Cette semaine : Adieu les cons, d’Albert Dupontel Avec Virginie Efira, Albert Dupontel, Nicolas Marié… Genre : comédie dramatique. Durée : 1 h 27.
Tant que le monde cartoonesque d’Albert Dupontel continue de tourner, c’est que le monde réel continue d’être malade. On lui souhaite même de ne jamais guérir, si le remède devait nous priver de la flamme punk du cinéaste de 56 ans.
Qui mieux qu’Albert Dupontel sait raconter les démunis et les oubliés dans une société où l’autorité toute puissante des nantis est acceptée comme la norme? Posons la question autrement : qui nous aurait donné à suivre l’odyssée déglingo d’un rescapé de la DDASS à la recherche de ses parents, qui l’ont abandonné dans une poubelle, ou encore le changement de vie d’un SDF sniffeur de colle vêtu d’un uniforme de police abandonné? Un épisode de Strip-tease, peut-être. Ce ne sont pas juste ceux que l’on ne voit pas : ce sont ceux que l’on ne veut pas nous montrer. Trop en marge, mais bien réels. Alors ils trouvent refuge dans la jungle bétonnée trash et baroque d’Albert Dupontel.
La nouvelle figure de ce grand bal des estropiés est Suze Trappet. Elle a l’air à peine ébréchée à l’extérieur; dedans, c’est un champ de ruines. Suze a 43 ans, elle est coiffeuse et vient d’apprendre qu’elle est atteinte d’une maladie incurable qui ne lui laisse que très peu de temps devant elle. Elle décide donc de partir à la recherche du fils qu’elle a eu à 15 ans, né sous X, avec deux compagnons d’infortune, le «geek» suicidaire JB et Blin, un archiviste aveugle. Le casting est parfait : Virginie Efira, Albert Dupontel et une impayable garantie burlesque, Nicolas Marié.
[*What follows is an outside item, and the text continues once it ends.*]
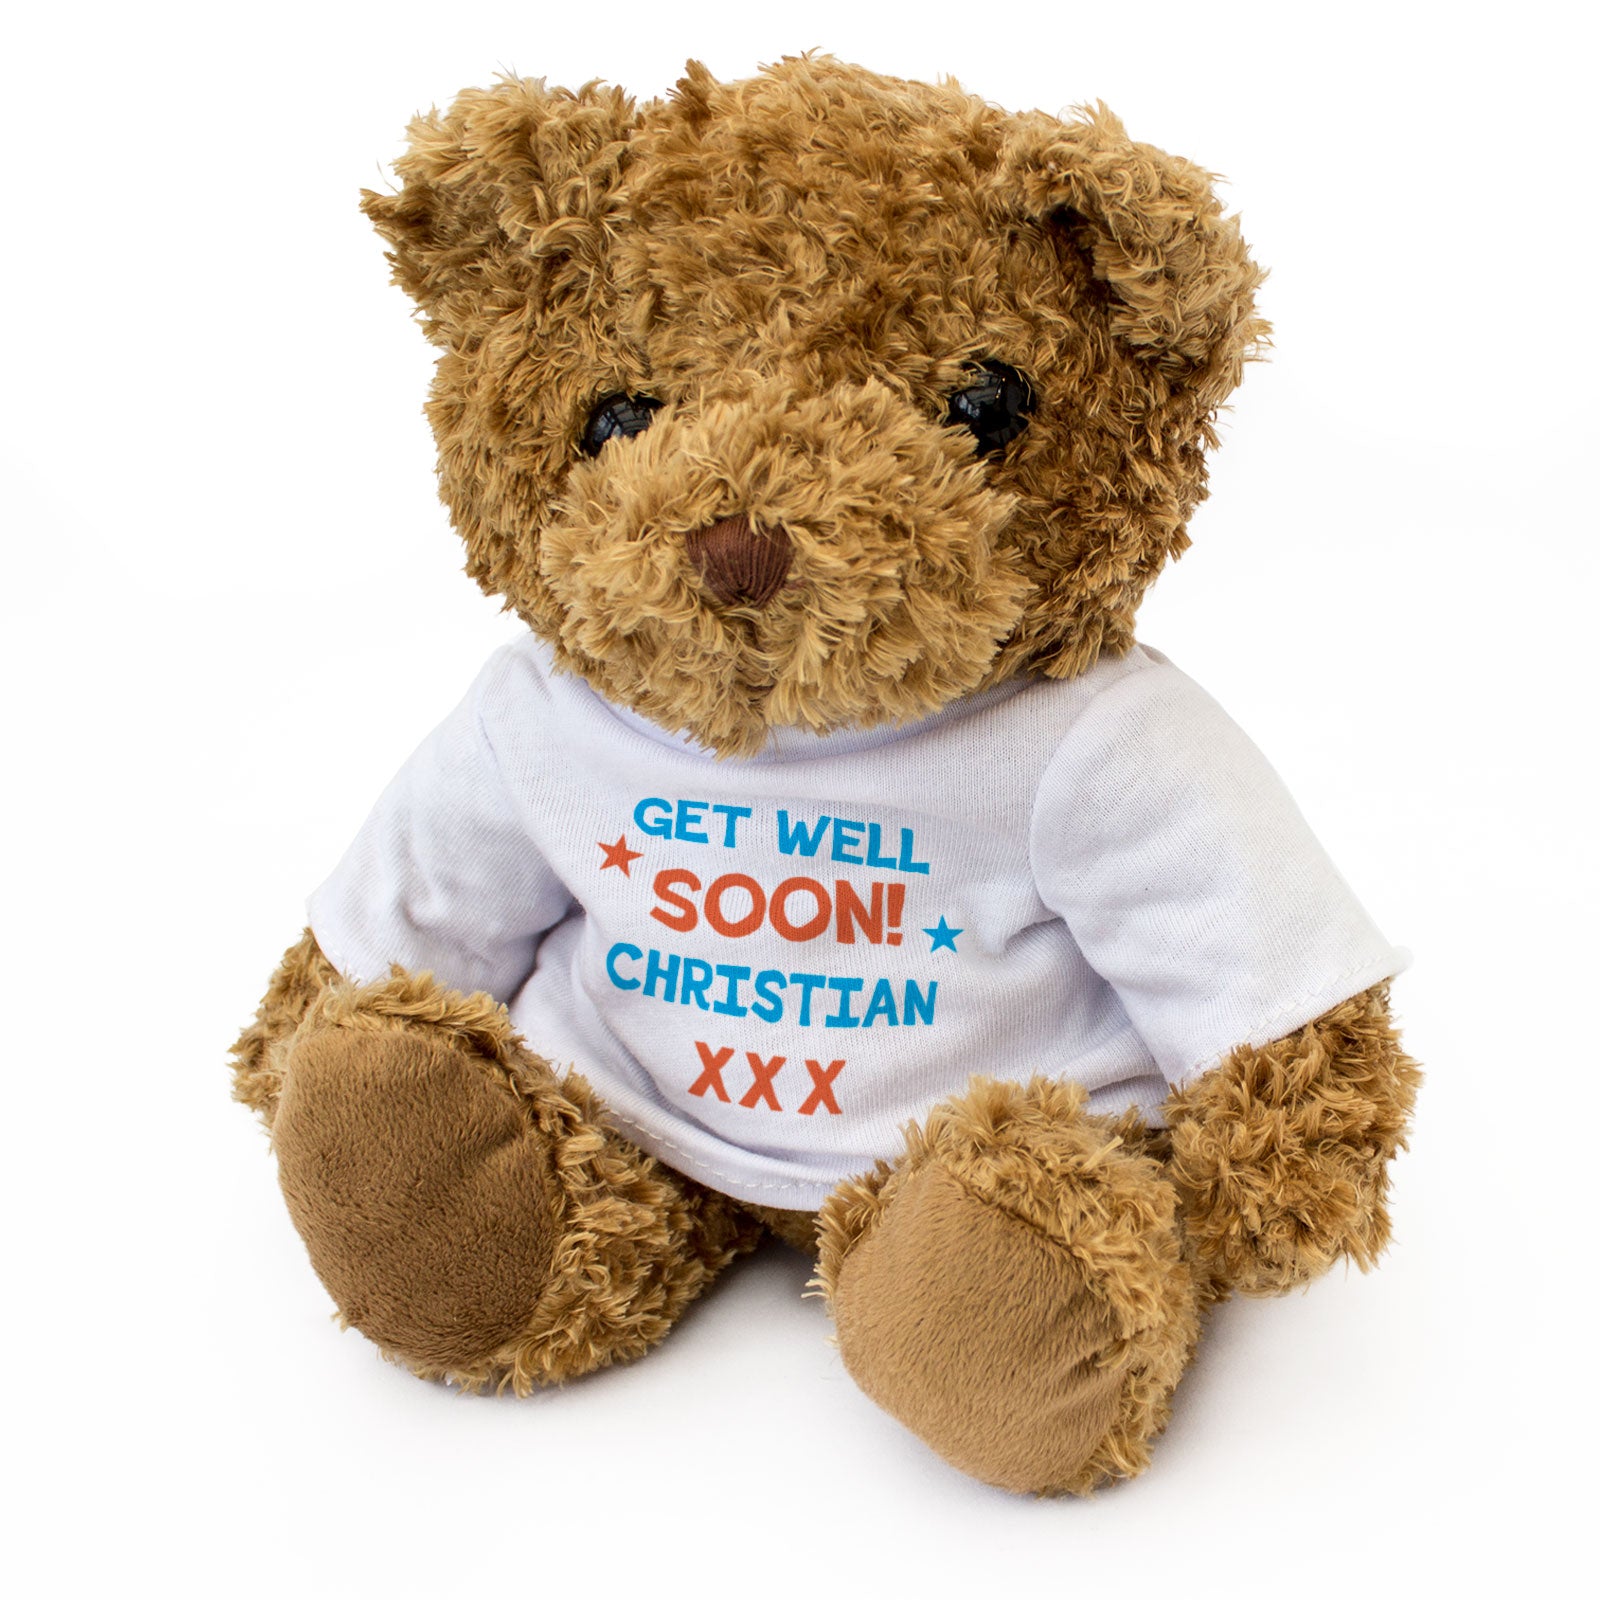 Get Well Soon Christian - Teddy Bear

Dans Adieu les cons, son septième long métrage, Dupontel continue d’être obnubilé par l’administration et ses mille et un secrets. Si Bernie (1996) mettait en scène le fils non désiré, intrus de la famille et rebus de la société, c’est aujourd’hui la mère qui intéresse le cinéaste, avec, sans véritable surprise, un chemin tout aussi labyrinthique dans la paperasserie à la recherche de l’enfant abandonné.
Elle veut vivre, mais va mourir…
Le film est sobre, plus que ce que l’on croit, mais le grand pote de Terry Gilliam – qui y fait son apparition traditionnelle, cette fois dans le rôle d’un vendeur d’armes à feu aux messages publicitaires aussi ringards qu’un clip de Joe Exotic – fait plus que jamais montre de l’influence de l’ex-Monty Python.
Le monde orwellien de Brazil (1985) est devenu réalité : Paris n’est pas connue pour être la métropole la plus au fait de la technologie, mais on y est constamment pisté, les déplacements des personnages sont suivis en temps réel avec une marge d’erreur quasi nulle (quelques mètres, un étage), le tout contrôlé par une police qui a les contours patibulaires des agents de la CIA et qui ne parle que pour aboyer des ordres.
Alors oui, dans ce monde, le génie de l’informatique JB est un intrus. Lui seul sait déjouer la technologie dominatrice faite, en apparence, pour protéger et servir (comprendre plutôt : posséder et asservir), et c’est ce qui le rend particulièrement dangereux aux yeux de la société (ça, plus une tentative de suicide ratée qui a gravement blessé le salarié du bureau d’à côté).
Il est aussi le meilleur atout de Suze dans sa quête du fils perdu parce qu’il est son opposé : elle veut vivre mais va mourir, lui veut mourir mais subit sa peine. Elle déborde d’émotions, lui n’en laisse paraître aucune. Dans sa vie de chef de sécurité informatique le jour, hacker la nuit, qui se résume à des 0 et des 1, des 1 et des 0, des 0 qu’il force à être des 1 et inversement, l’imprévu du sentiment n’a pas sa place.
Car Adieu les cons a beau avoir le rythme «anar» des premiers Dupontel et une esthétique loin de tout conformisme (mais toujours sans esbroufe), où l’on regarde les personnages à travers des écrans, des trous dans le mur et sous des voitures, c’est surtout un film sur l’amour, sa quête et sa signification. Ce qu’étaient, à leur manière, Neuf mois ferme (2013) et Au-revoir là-haut (2017), ses deux précédents films, mais qui trouve ici, avec un Dupontel en pleine possession de sa folie, sa forme définitive : l’amour comme lutte finale contre l’absurdité du monde.